Since we are dealing with a promissory note, defendant’s argument raised at trial and in its brief here that prepayments it made in months when payment was not due, i.e., when the retirement home’s occupancy was less than 97%, which Leroux accepted, excused nonpayment of the *793amount due for December 1981, has no merit. Absent express agreement to the contrary, and there was none here, payments on a note made when not required do not excuse payment of subsequent installment payments on their due date. Long v. Manning, 455 S.W.2d 496, 501 (Mo.1970).
Also devoid of merit is defendant’s claim that plaintiffs waived their right to accelerate payment in full because they accepted payments on the note after demand for payment in full was made. Paul Londe & Associates, Inc. v. Rathert, 522 S.W.2d 609, 611 (Mo.App.1975).

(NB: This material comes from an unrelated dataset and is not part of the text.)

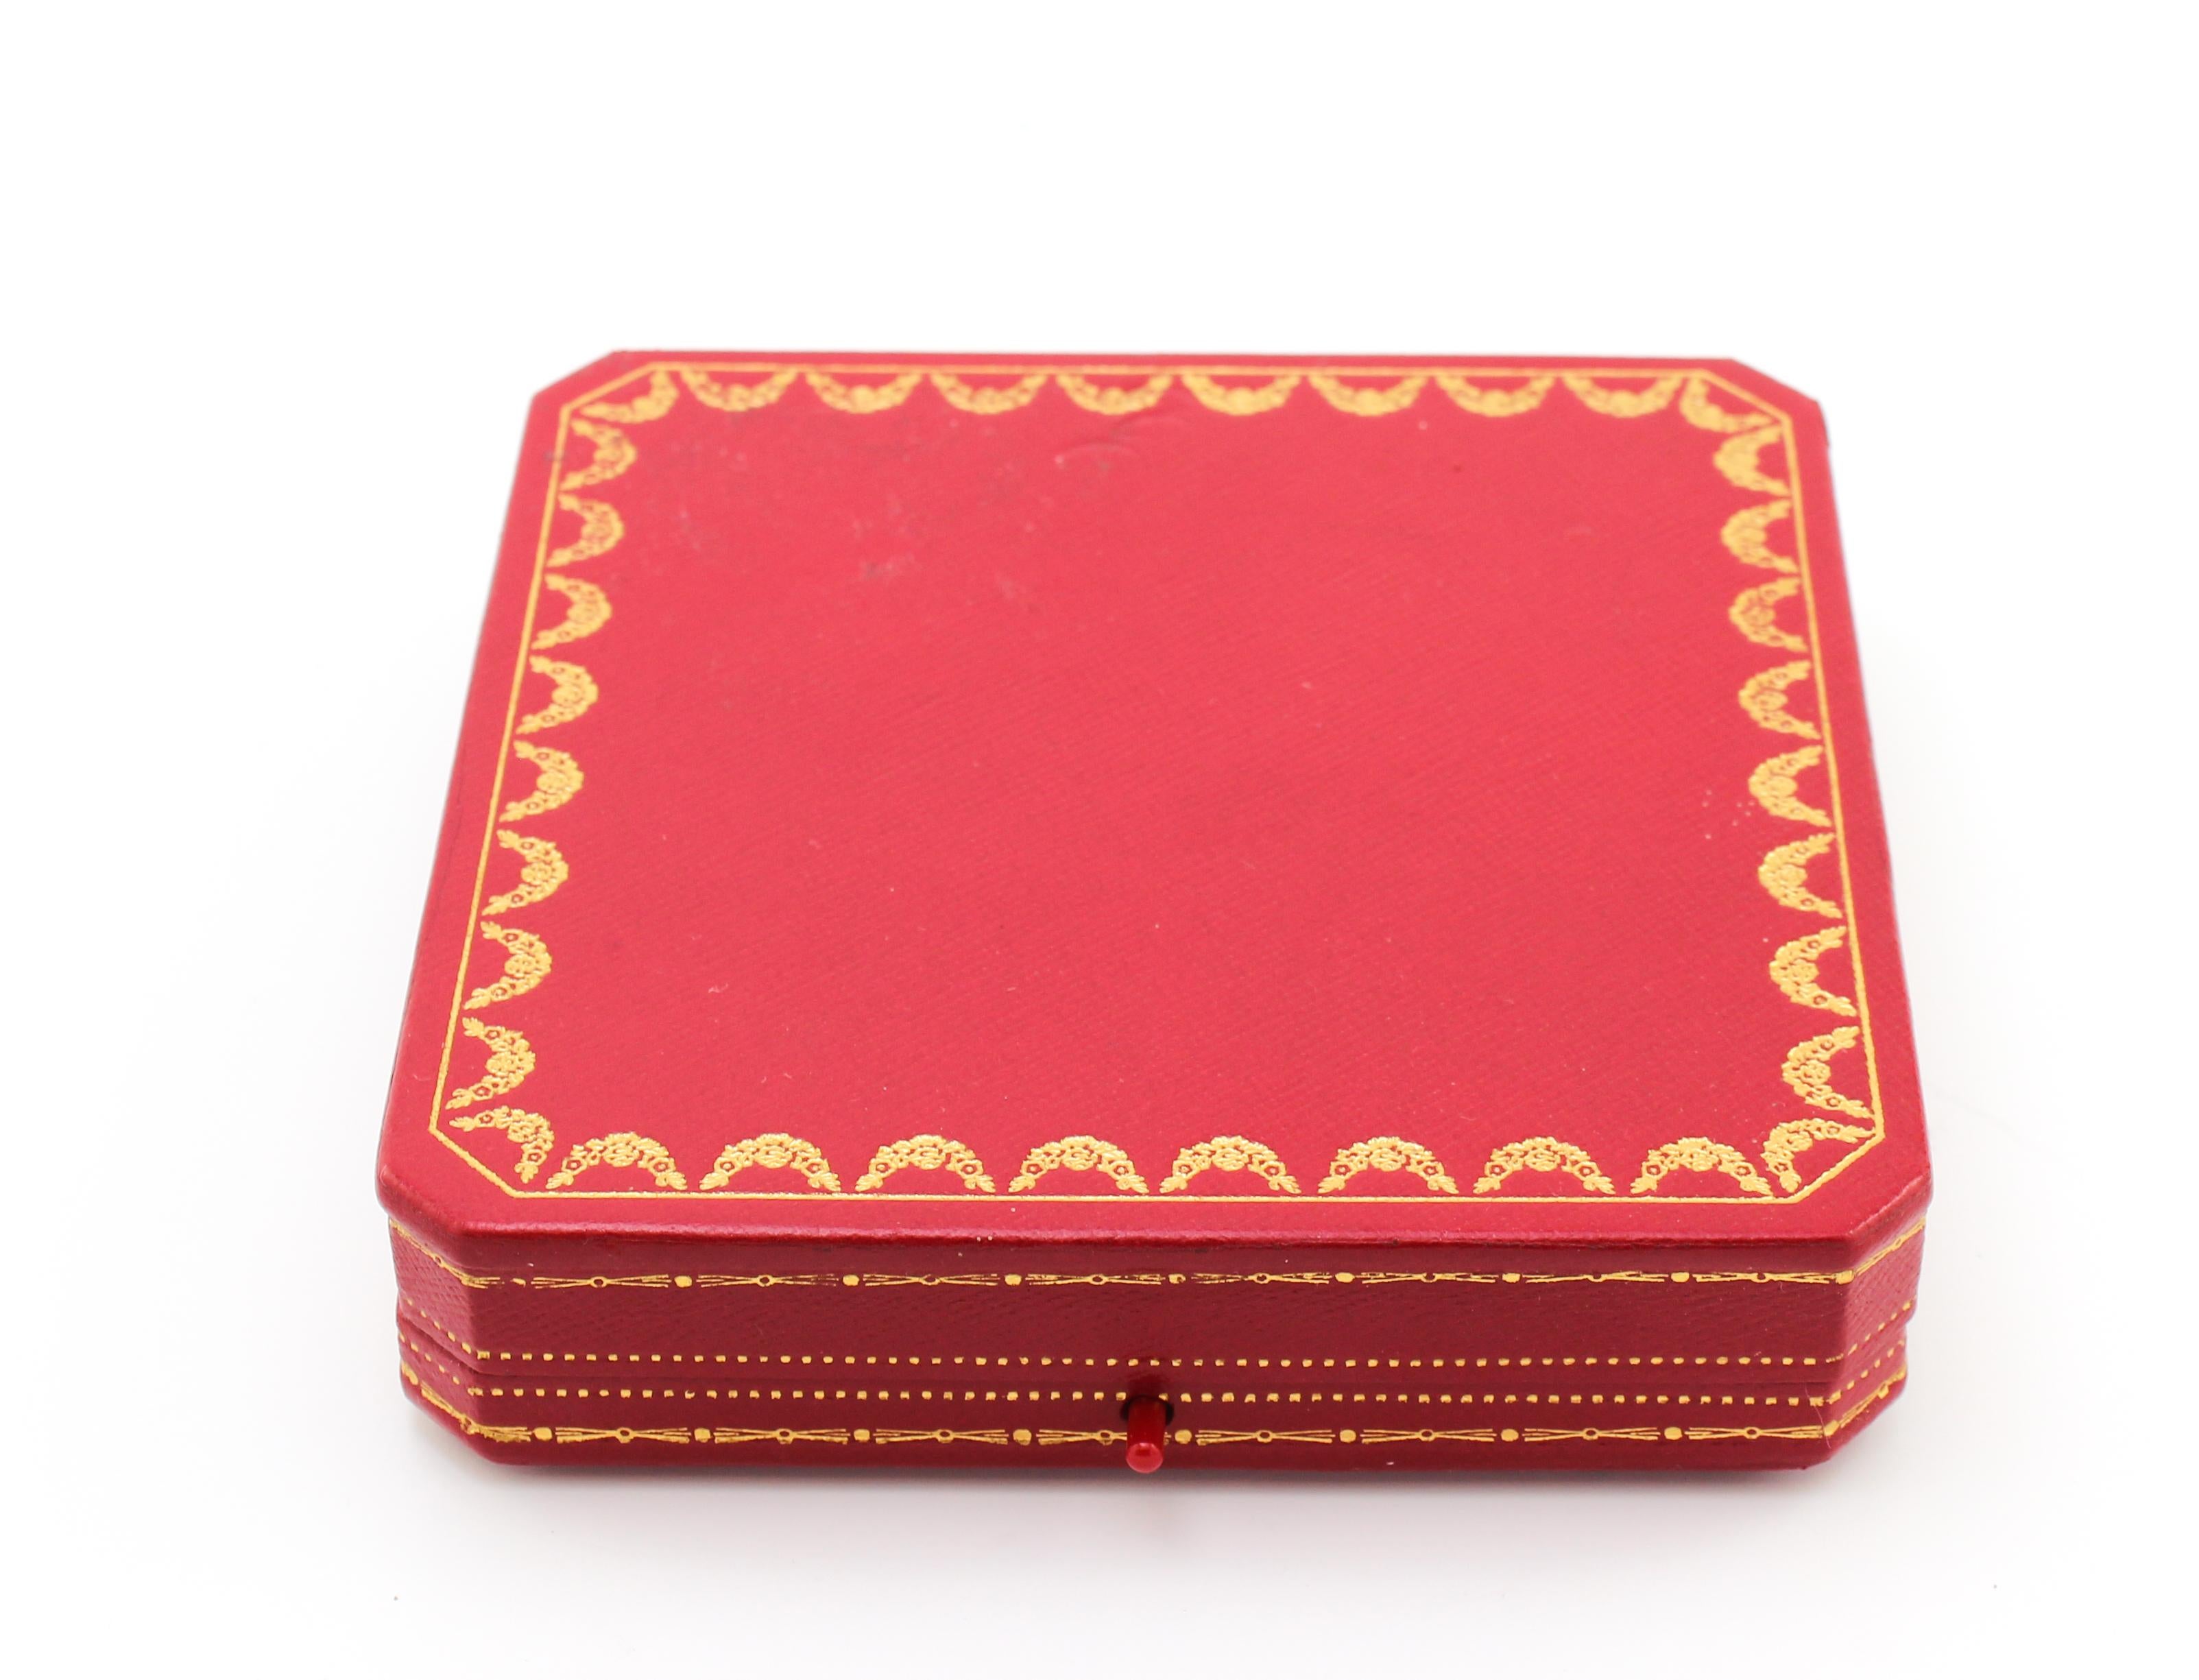 Vintage Cartier jewellery, or case box, Made in France, Paris, 1970's

Size: 12.2 x 12.2 x 2.7 cm.

There was no substantial evidence to support the trial court’s judgment for defendant. The evidence submitted mandated a judgment for plaintiffs.
The judgment of the trial court is reversed, and the cause is remanded to the trial court with directions to enter judgment for plaintiffs and against defendant in the sum of $143,883.50, plus interest on said sum as provided by law, and to award plaintiff attorney fees in the amount of 10% of the principal and interest specified in such judgment.
CROW, P.J., and FLANIGAN, MAUS and PREWITT, JJ., concur.